Home and mobile nursing networks are also making inroads in the study conduct market. According to a recent Tufts CSDD study, approximately 40% of pharmaceutical companies report using home nursing networks to improve study volunteer access and convenience in clinical study participation. Although the use of wearable devices in clinical trials is relatively low at this time, a number of sponsor and CRO organizations anticipate that device use may replace the need for some study visits as study volunteers participate in more clinical trials remotely.
While consolidation is occurring among experienced dedicated sites, a growing proportion of clinical trials now target specialty and rare diseases and small patient subpopulations. According to the FDA, one-third of all new drug approvals are for drugs targeting rare and specialty disease, up from 20% 10 years ago.

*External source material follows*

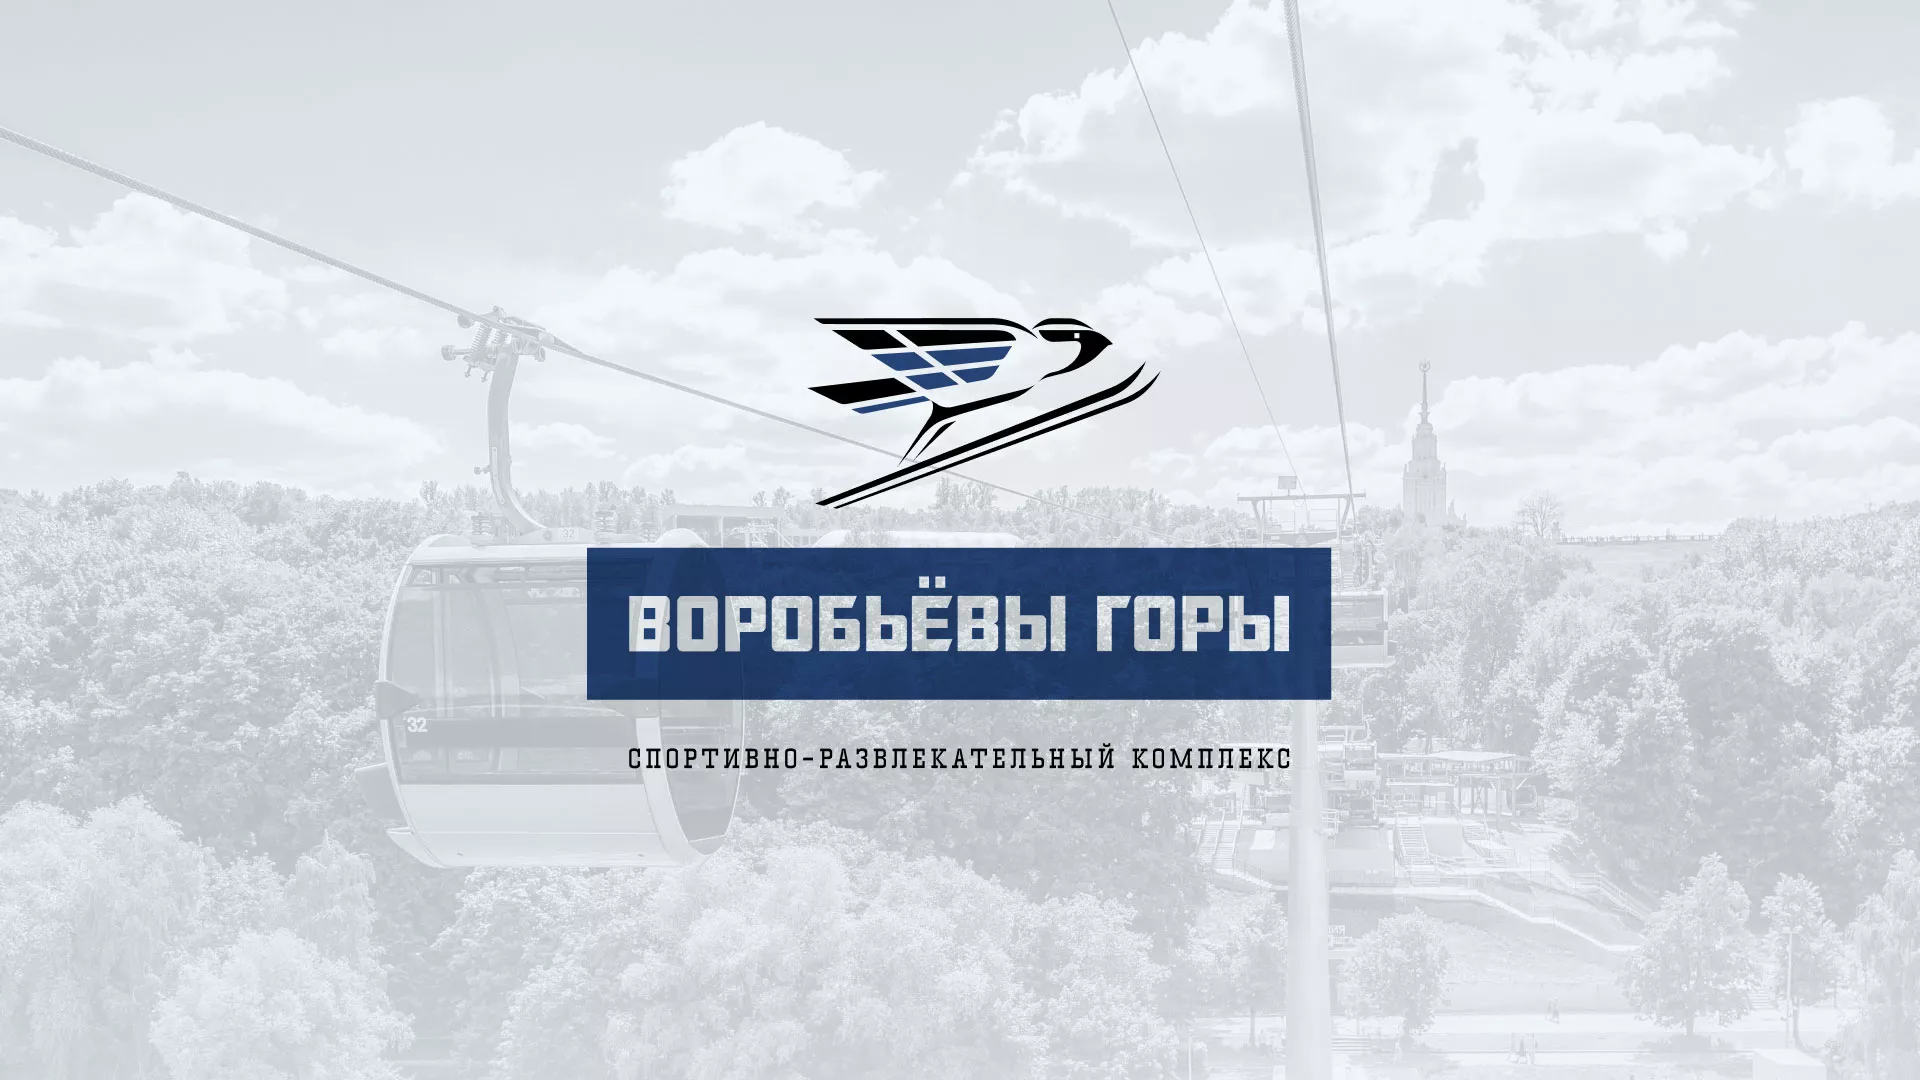 Разработка сайта в Екатеринбурге для спортивно-развлекательного комплекса «Воробьёвы горы»

These clinical trials typically require engaging novice, new entrant physician investigators treating very specific patient subgroups.

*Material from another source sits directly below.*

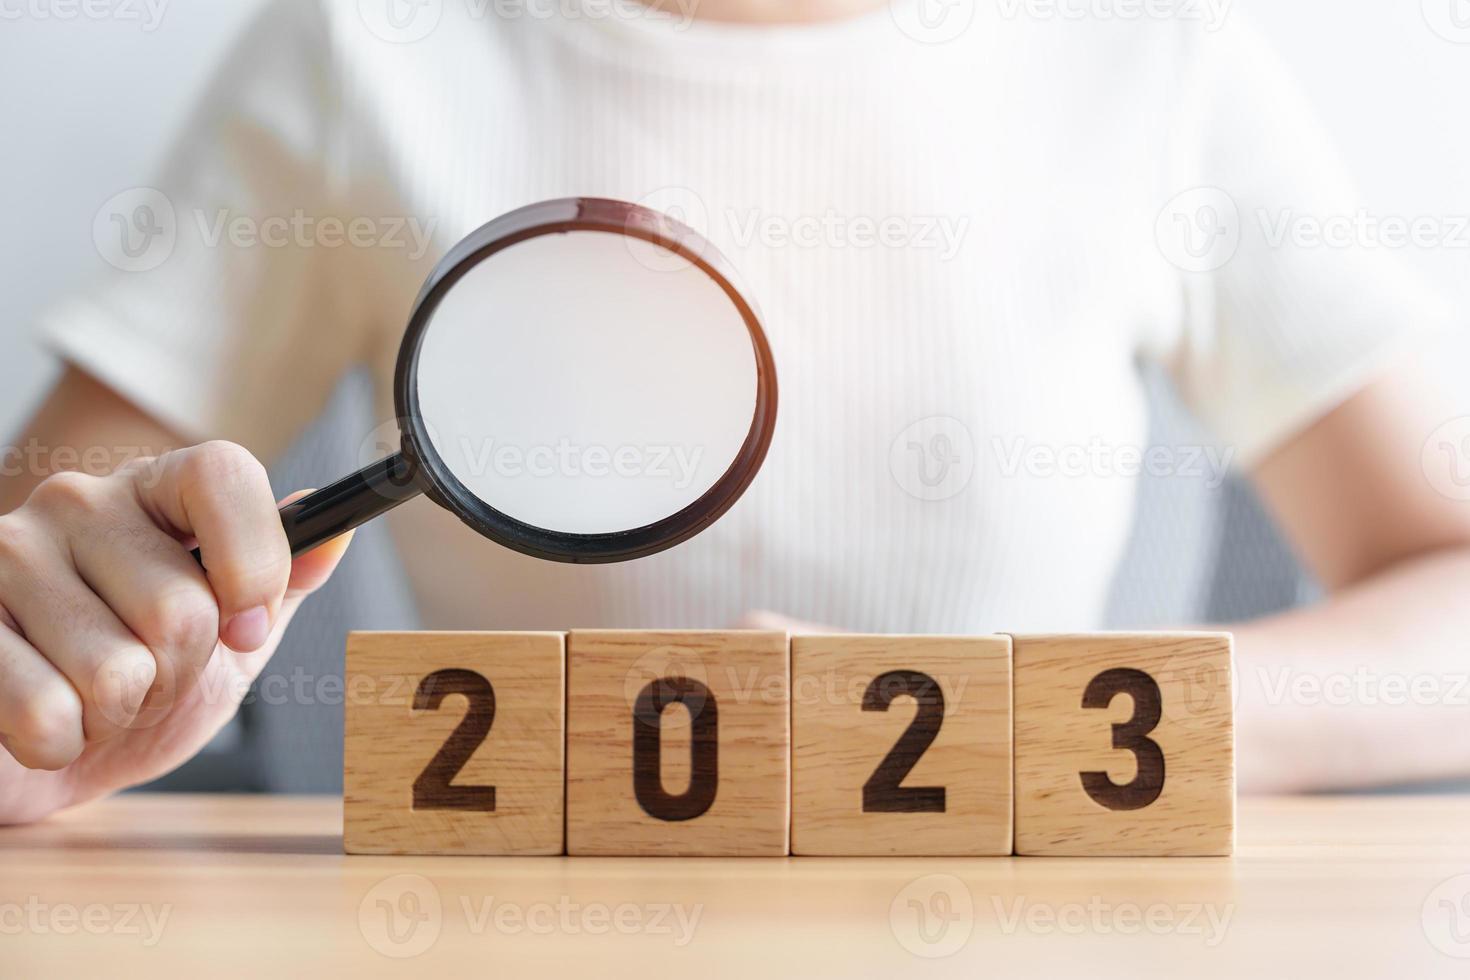 Bloco 2023 com lupa. seo, search engine optimization, contratação, publicidade, ideia, estratégia, marketing, palavra-chave, conteúdo e conceitos de início de ano novo foto

Large health systems also are expected to play a more active role in conducting industry-funded clinical trials as these settings offer unprecedented access to electronic health and medical information necessary to identify and recruit highly targeted patient subpopulations.
Looking forward, promising news in 2016 about site operating profit and record clinical grant spending, combined with intensifying competition, suggests that investigative sites cannot rest on their laurels. To remain viable and successful, experienced investigative sites must continue to improve operating performance and form strategic alliances with sponsors, CROs and less traditional players including healthcare providers and payers.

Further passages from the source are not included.